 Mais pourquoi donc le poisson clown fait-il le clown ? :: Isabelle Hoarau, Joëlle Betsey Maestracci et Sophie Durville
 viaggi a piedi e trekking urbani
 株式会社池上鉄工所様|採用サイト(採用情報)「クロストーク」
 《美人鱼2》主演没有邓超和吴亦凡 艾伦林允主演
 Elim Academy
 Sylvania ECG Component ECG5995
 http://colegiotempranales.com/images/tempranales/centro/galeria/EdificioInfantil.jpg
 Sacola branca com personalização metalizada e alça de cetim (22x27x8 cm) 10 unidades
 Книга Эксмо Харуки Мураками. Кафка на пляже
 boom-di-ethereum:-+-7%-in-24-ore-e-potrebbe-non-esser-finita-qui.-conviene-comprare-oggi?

● ● ● ● ●

◆ **Activity**
Show the data once more, exactly as it was written.

◆ **Solution for this task**
 Mais pourquoi donc le poisson clown fait-il le clown ? :: Isabelle Hoarau, Joëlle Betsey Maestracci et Sophie Durville
 viaggi a piedi e trekking urbani
 株式会社池上鉄工所様|採用サイト(採用情報)「クロストーク」
 《美人鱼2》主演没有邓超和吴亦凡 艾伦林允主演
 Elim Academy
 Sylvania ECG Component ECG5995
 http://colegiotempranales.com/images/tempranales/centro/galeria/EdificioInfantil.jpg
 Sacola branca com personalização metalizada e alça de cetim (22x27x8 cm) 10 unidades
 Книга Эксмо Харуки Мураками. Кафка на пляже
 boom-di-ethereum:-+-7%-in-24-ore-e-potrebbe-non-esser-finita-qui.-conviene-comprare-oggi?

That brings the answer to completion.